TASK DETAILS
When you write out the listing, keep every word as it stands and drop the pictures.

SUPPLIED INFORMATION
- Opening Delimiter -

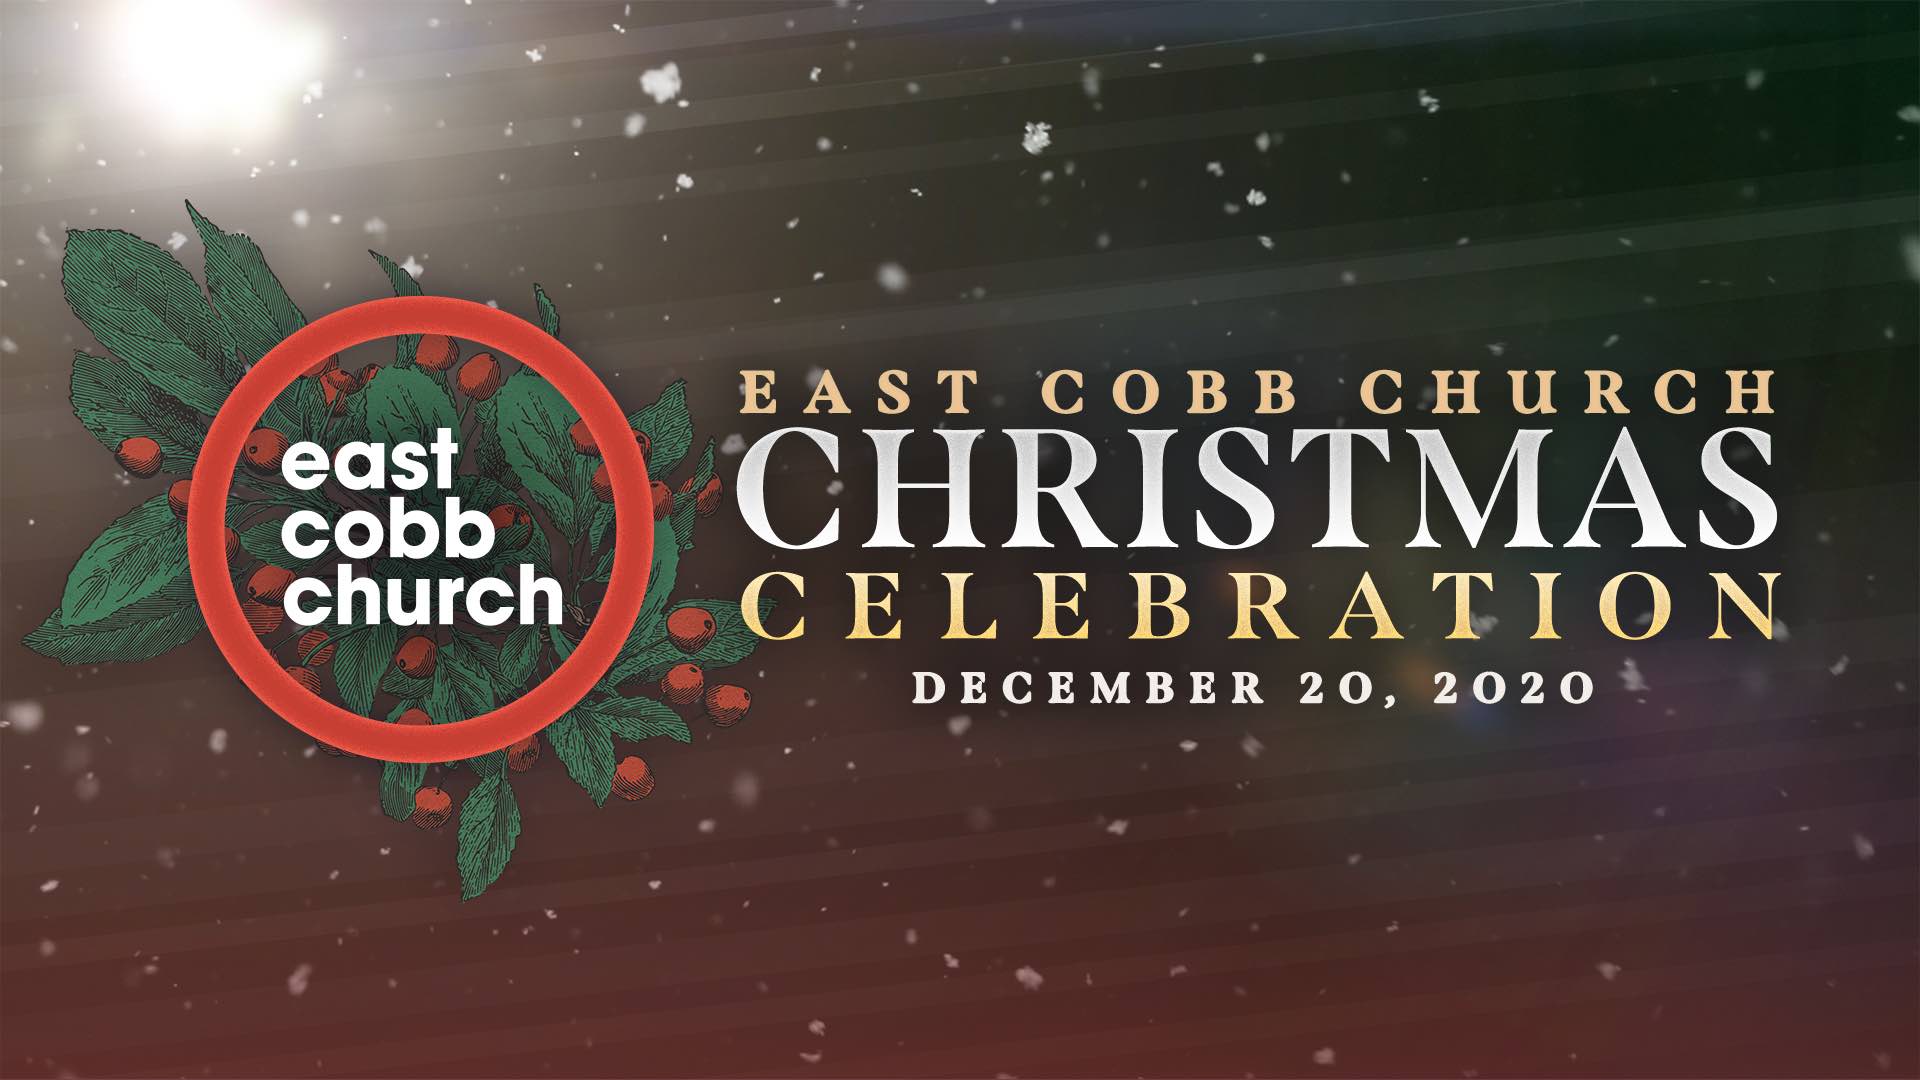 East Cobb Church Christmas Celebration
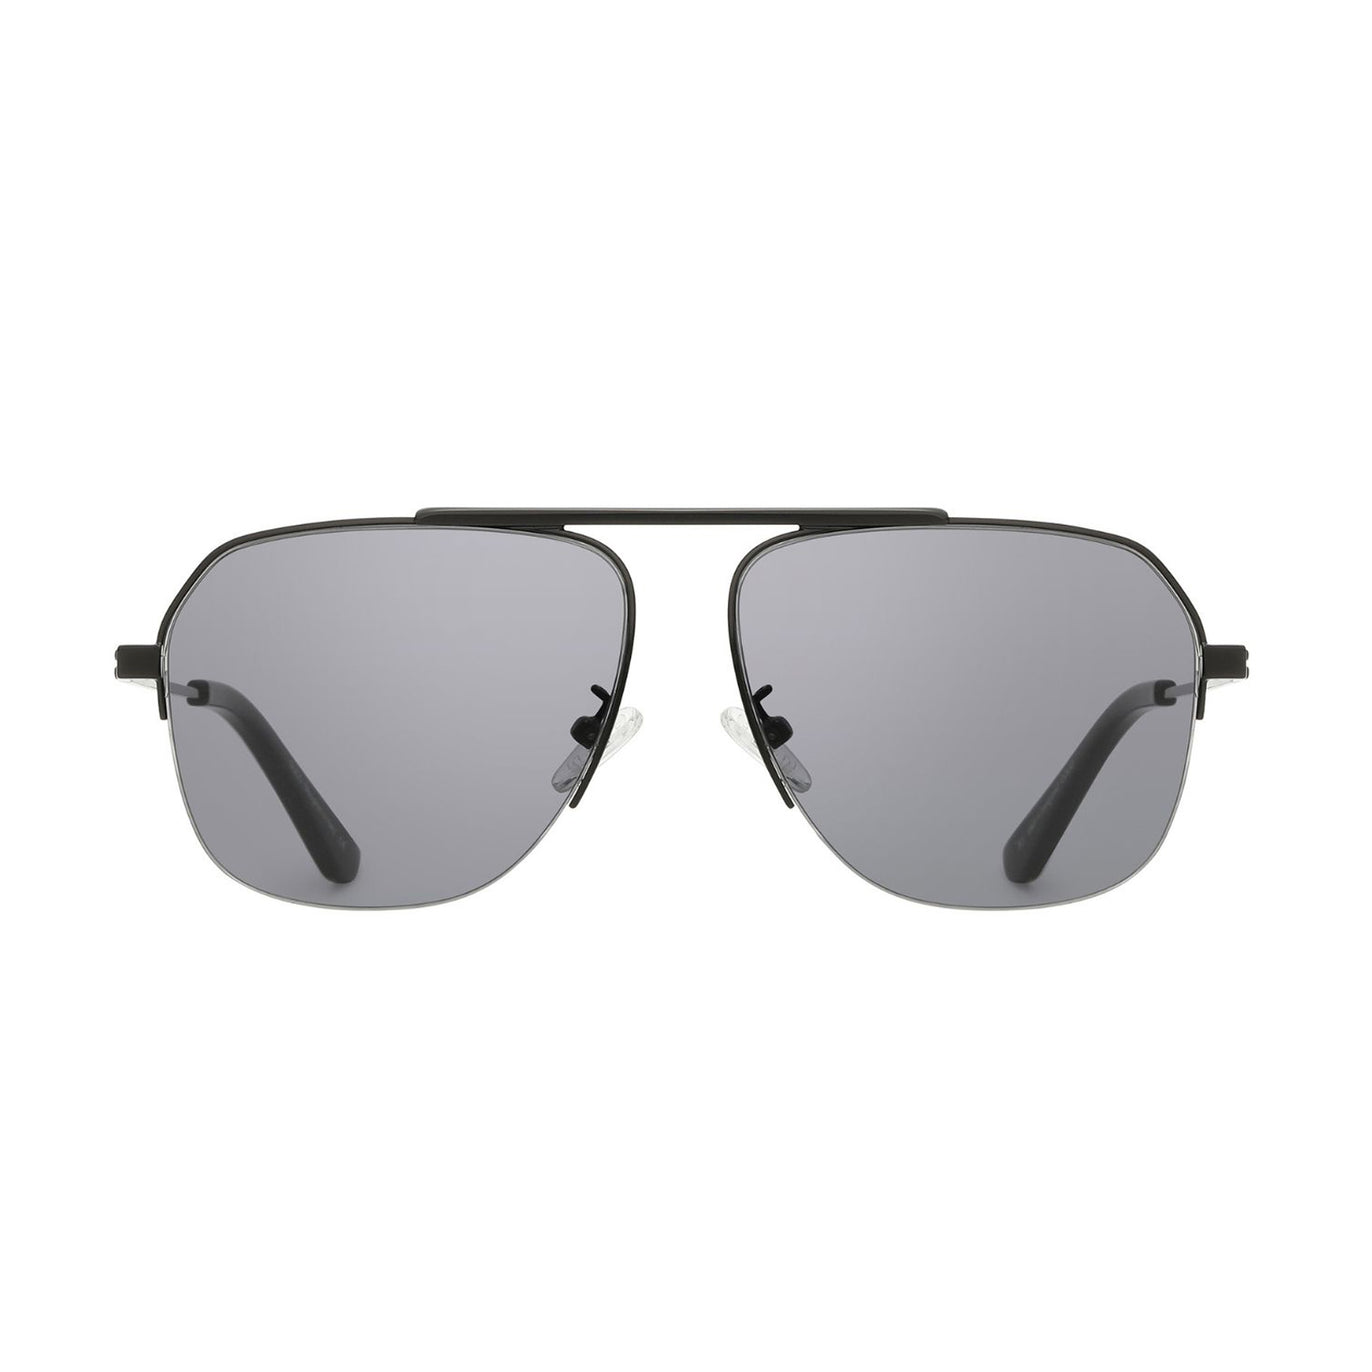 Duco Retro Sunglasses for Mens Non-Polarized Sun Glasses for Driving DC3035 Silver Frame Gradient Grey Lens
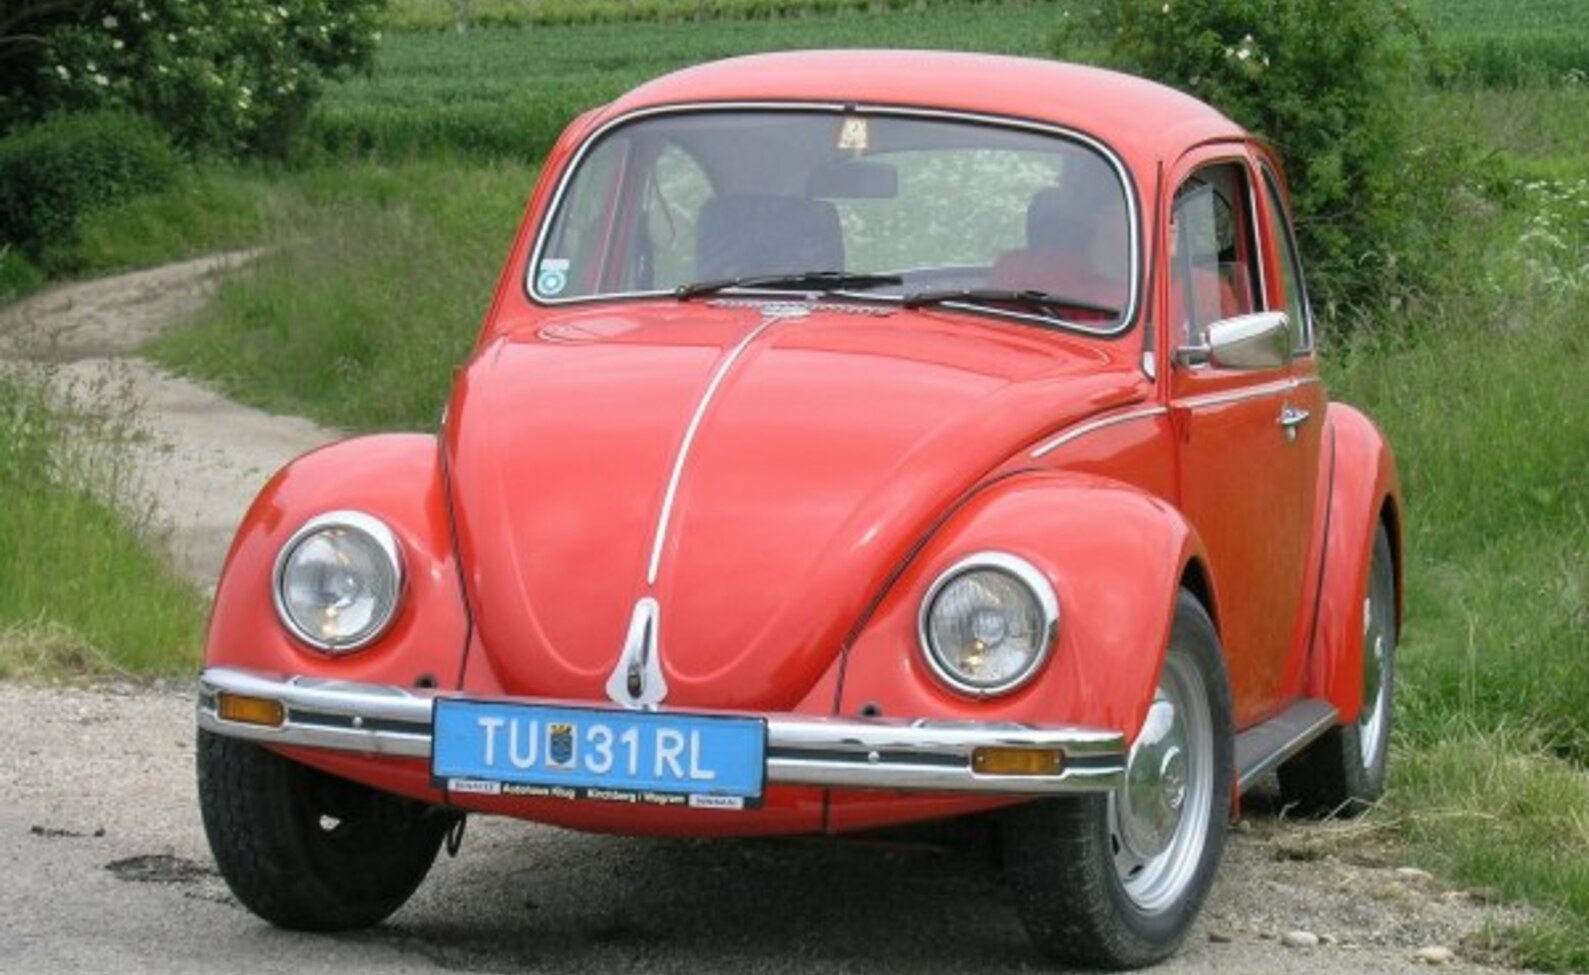 Volkswagen Kaefer 1200 1.2 (11) (34 Hp) 1960, 1961, 1962, 1963, 1964, 1965, 1966, 1967, 1968, 1969, 1970, 1971, 1972, 1973, 1974, 1975, 1976, 1977, 1978, 1979, 1980, 1981, 1982, 1983, 1984, 1985

- Closing Delimiter -

REPLY
 East Cobb Church Christmas Celebration
 Duco Retro Sunglasses for Mens Non-Polarized Sun Glasses for Driving DC3035 Silver Frame Gradient Grey Lens
 Volkswagen Kaefer 1200 1.2 (11) (34 Hp) 1960, 1961, 1962, 1963, 1964, 1965, 1966, 1967, 1968, 1969, 1970, 1971, 1972, 1973, 1974, 1975, 1976, 1977, 1978, 1979, 1980, 1981, 1982, 1983, 1984, 1985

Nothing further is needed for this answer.